### [ABOUT THIS EXERCISE]
Reproduce the listing below exactly, minus its pictures.

### [DATA EXCERPT]

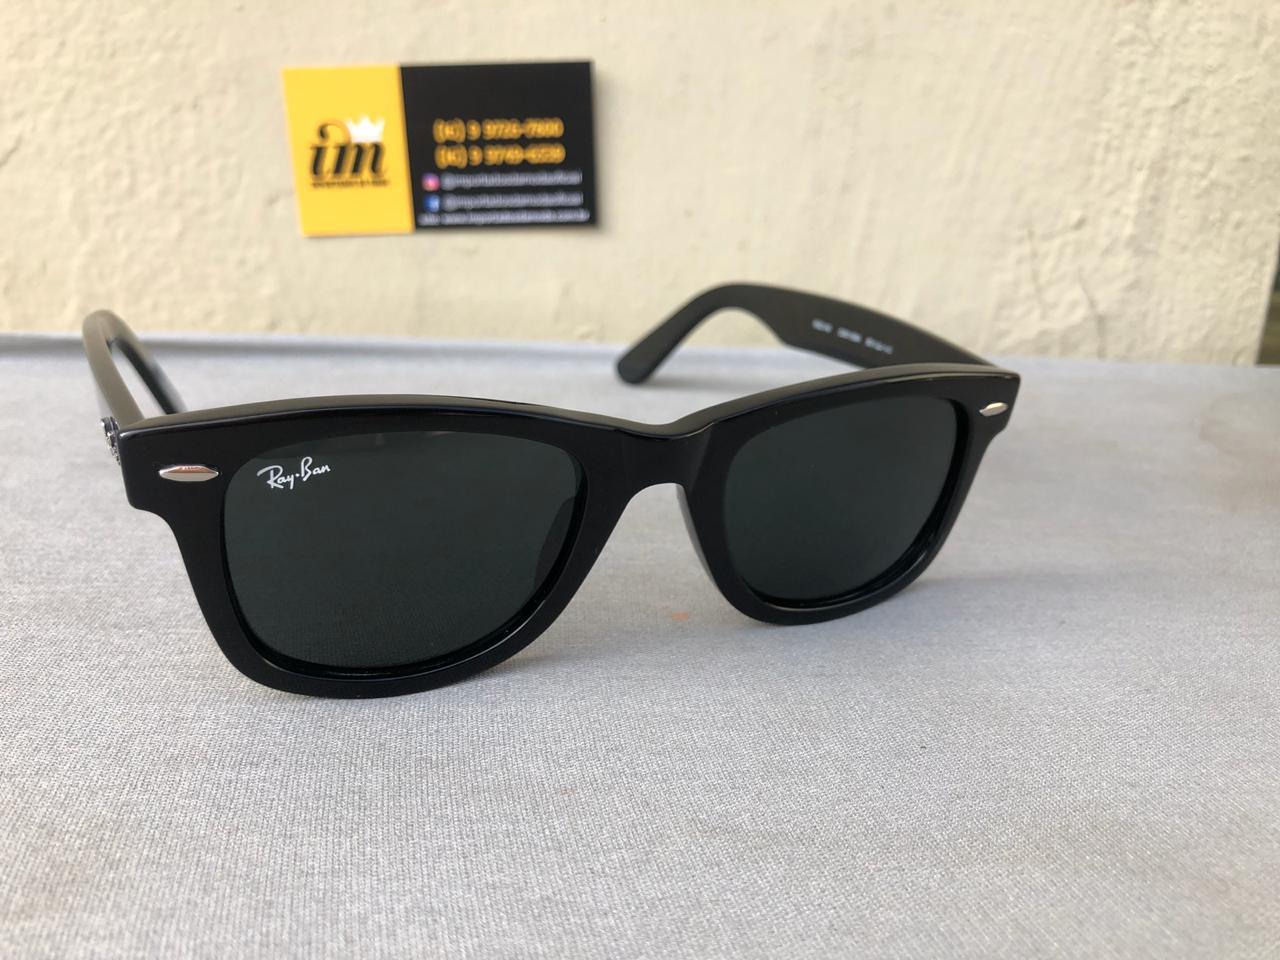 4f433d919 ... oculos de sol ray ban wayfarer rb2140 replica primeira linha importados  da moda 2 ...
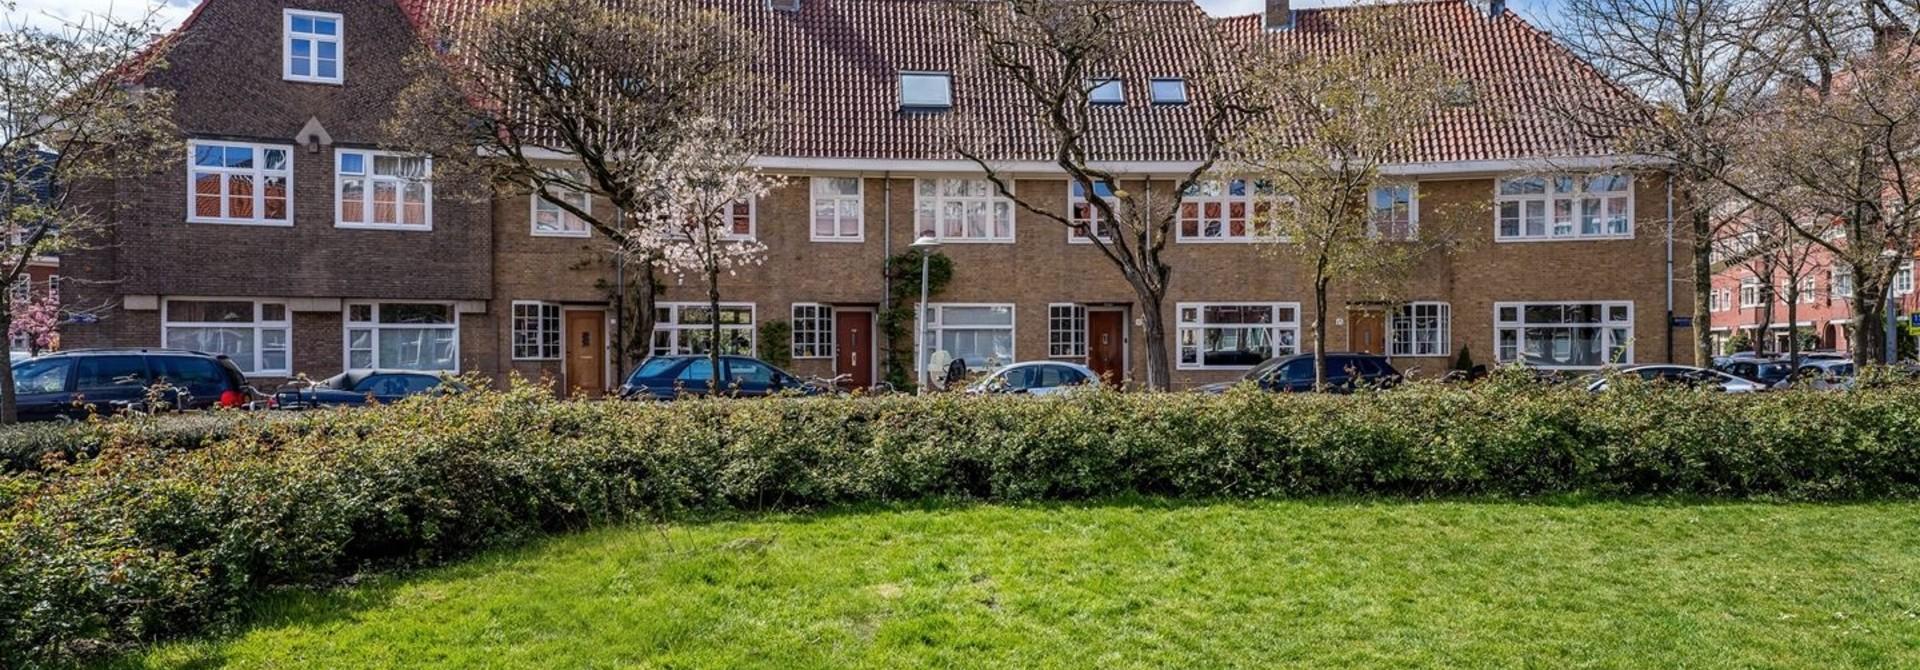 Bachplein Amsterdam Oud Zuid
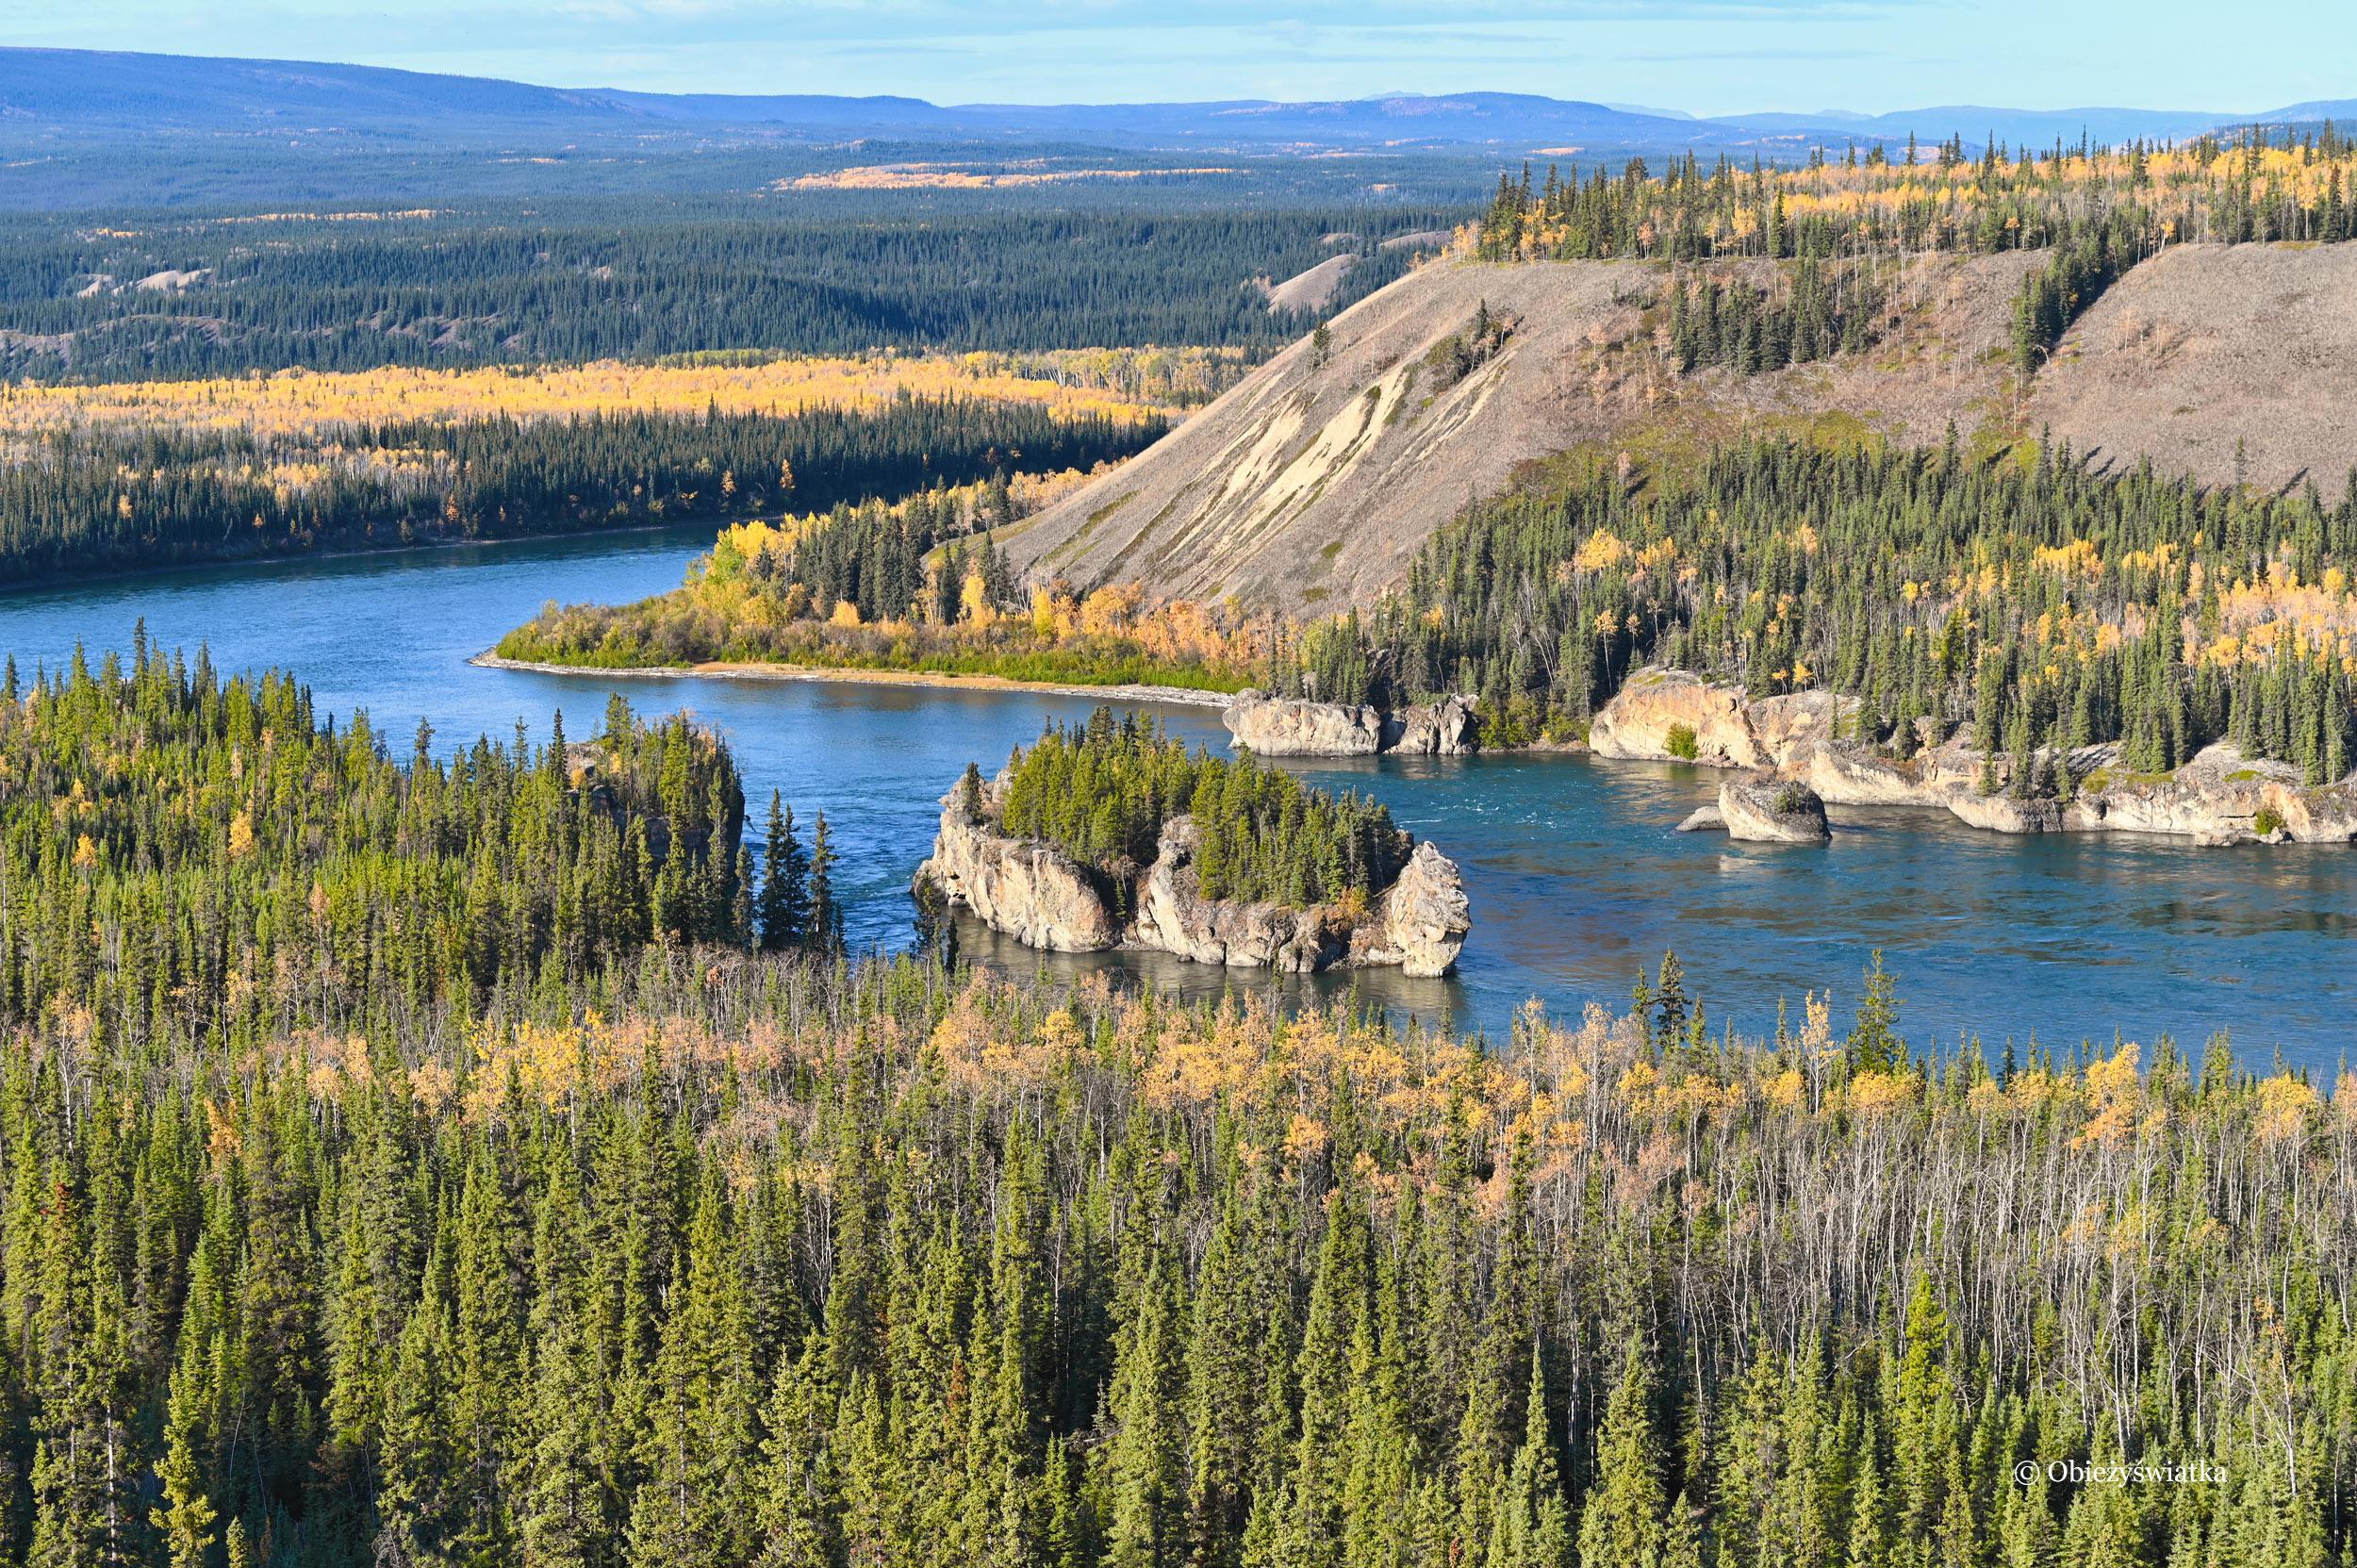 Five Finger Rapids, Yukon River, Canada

### [COMPLETED EXERCISE]
 4f433d919 ... oculos de sol ray ban wayfarer rb2140 replica primeira linha importados  da moda 2 ...
 Bachplein Amsterdam Oud Zuid
 Five Finger Rapids, Yukon River, Canada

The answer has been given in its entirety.